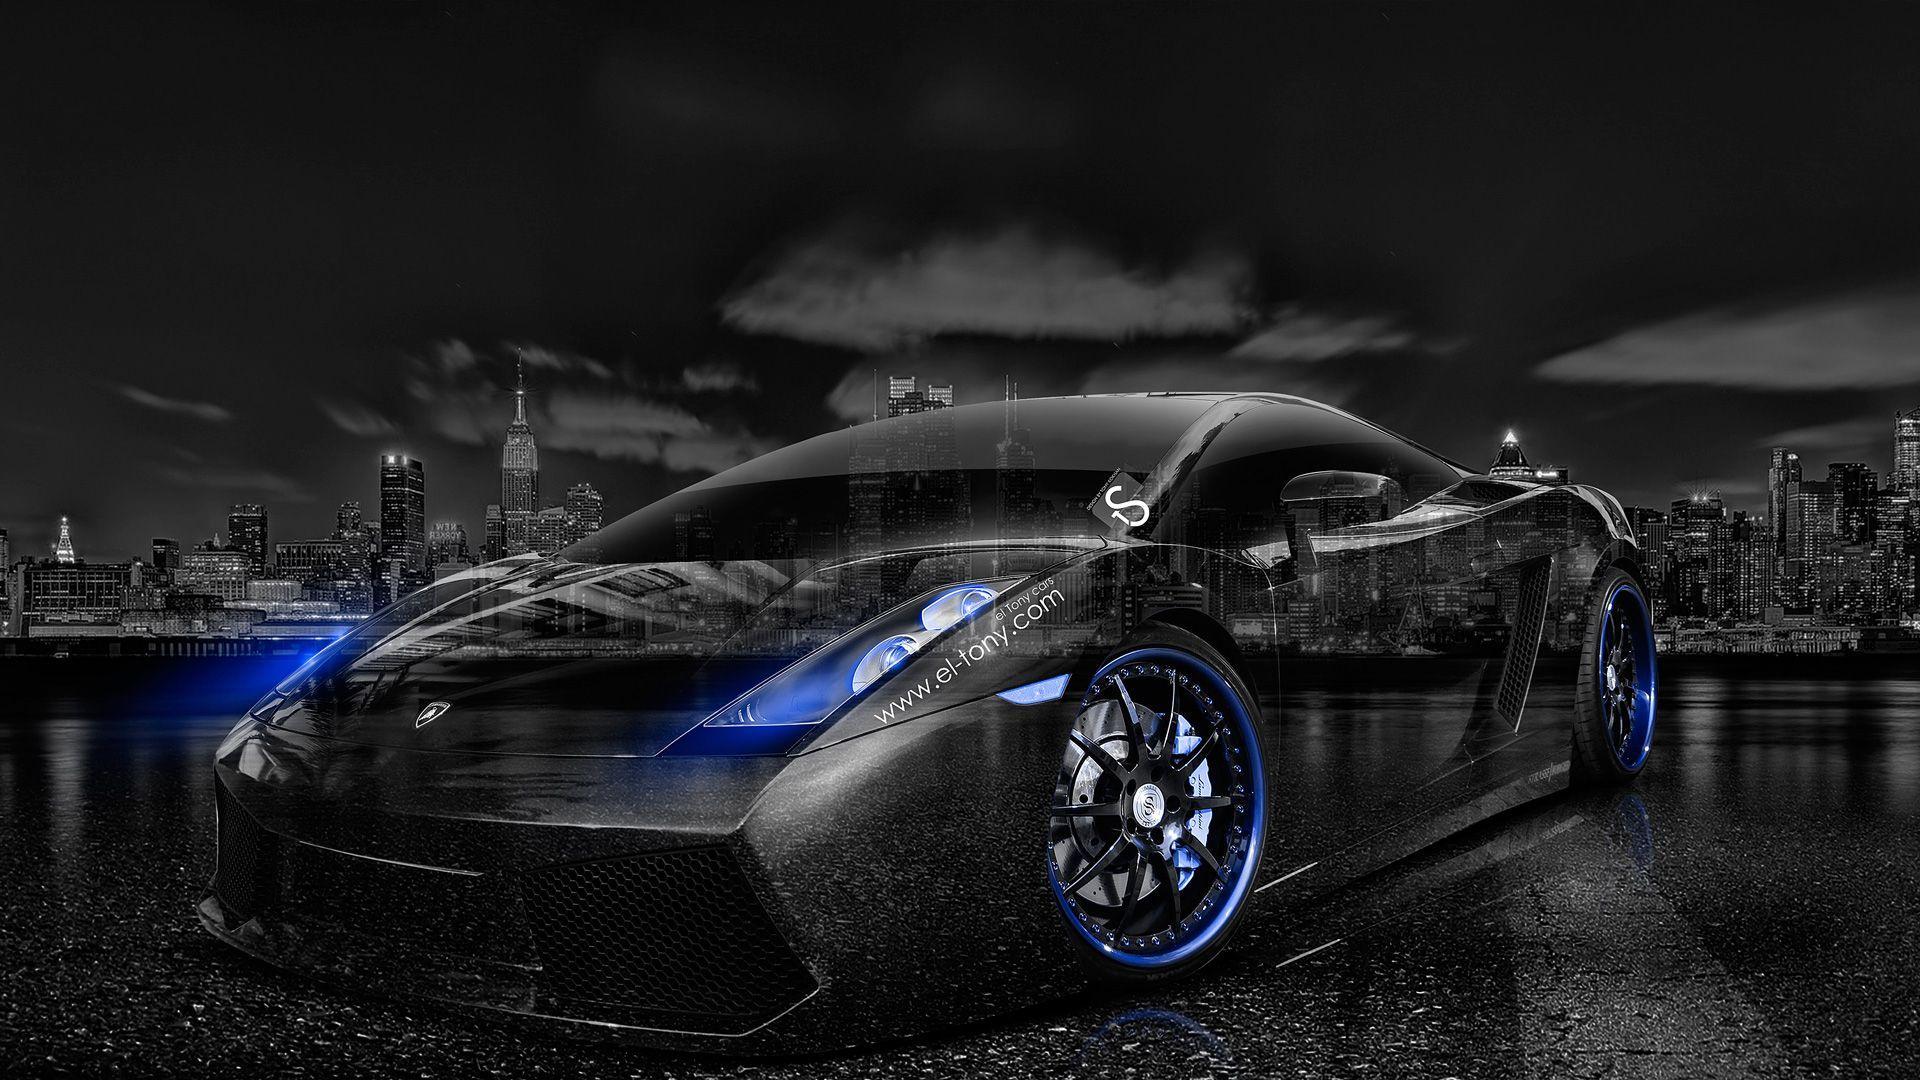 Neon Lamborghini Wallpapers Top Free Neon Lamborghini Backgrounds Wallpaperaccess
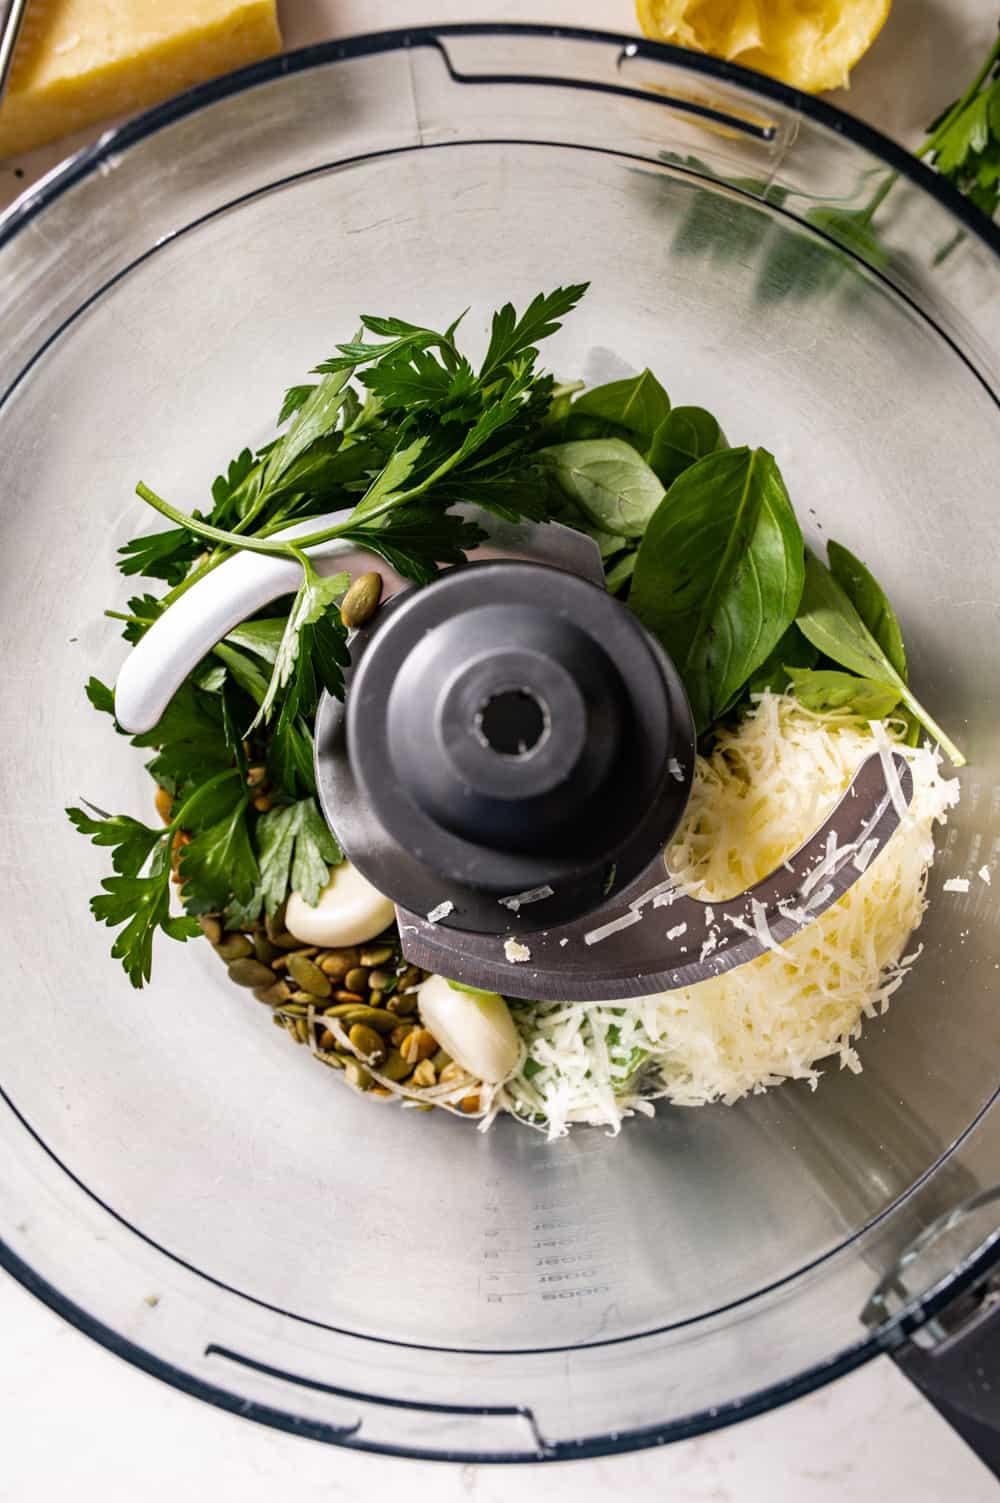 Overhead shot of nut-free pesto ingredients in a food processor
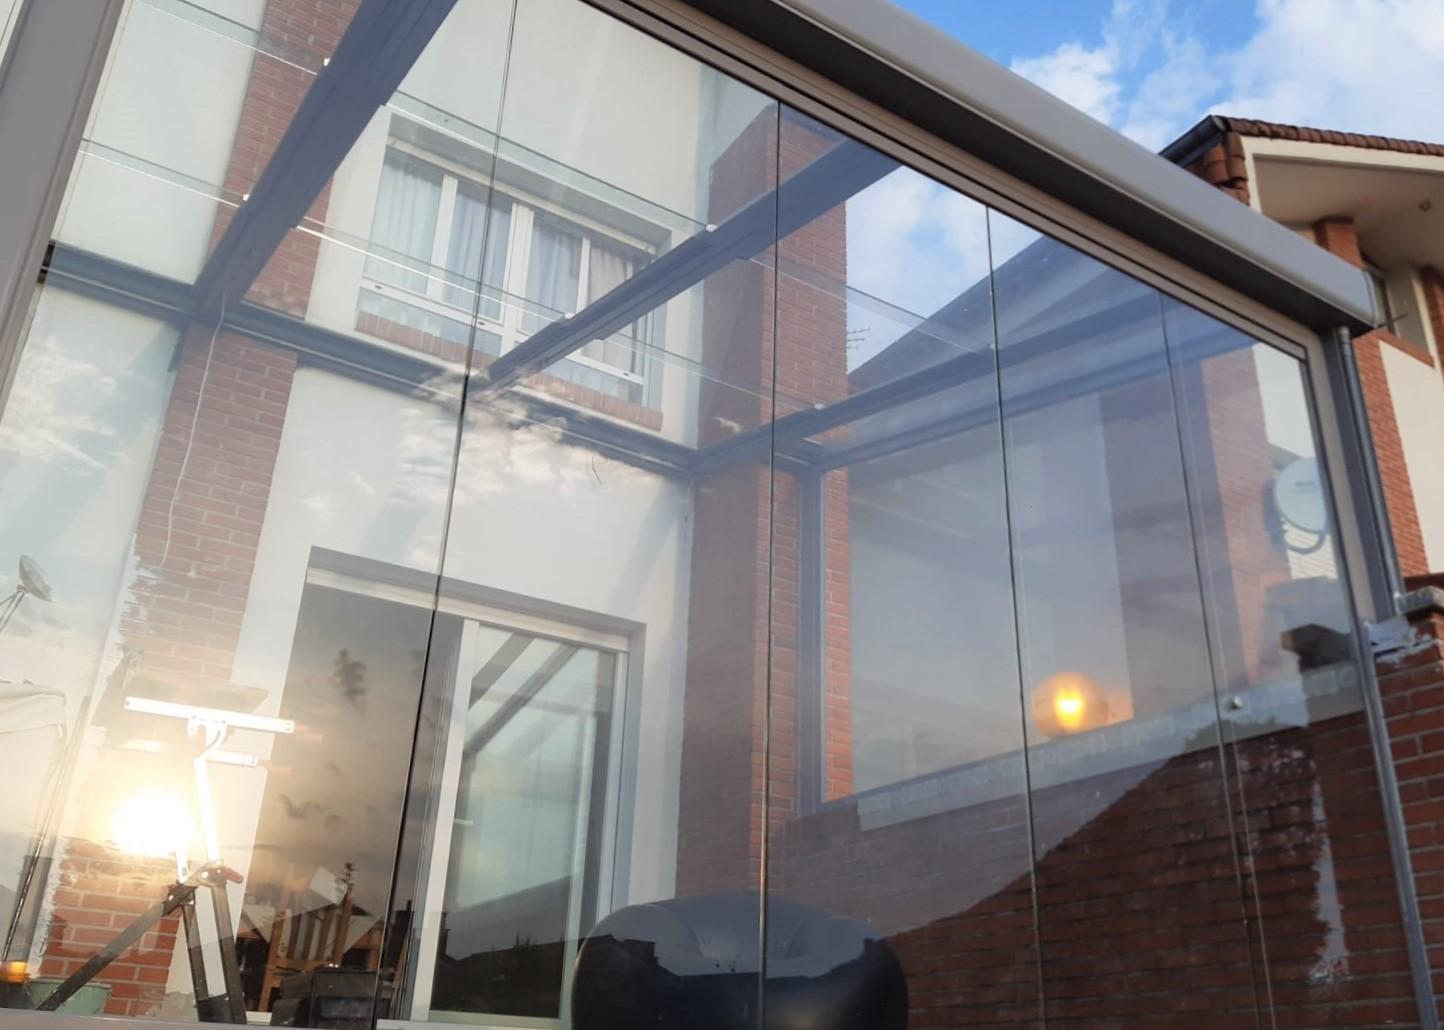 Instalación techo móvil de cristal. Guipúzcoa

- What is being asked
Quote the material word for word, dropping any images it holds.

- Finished exercise
 Neon Lamborghini Wallpapers Top Free Neon Lamborghini Backgrounds Wallpaperaccess
 Overhead shot of nut-free pesto ingredients in a food processor
 Instalación techo móvil de cristal. Guipúzcoa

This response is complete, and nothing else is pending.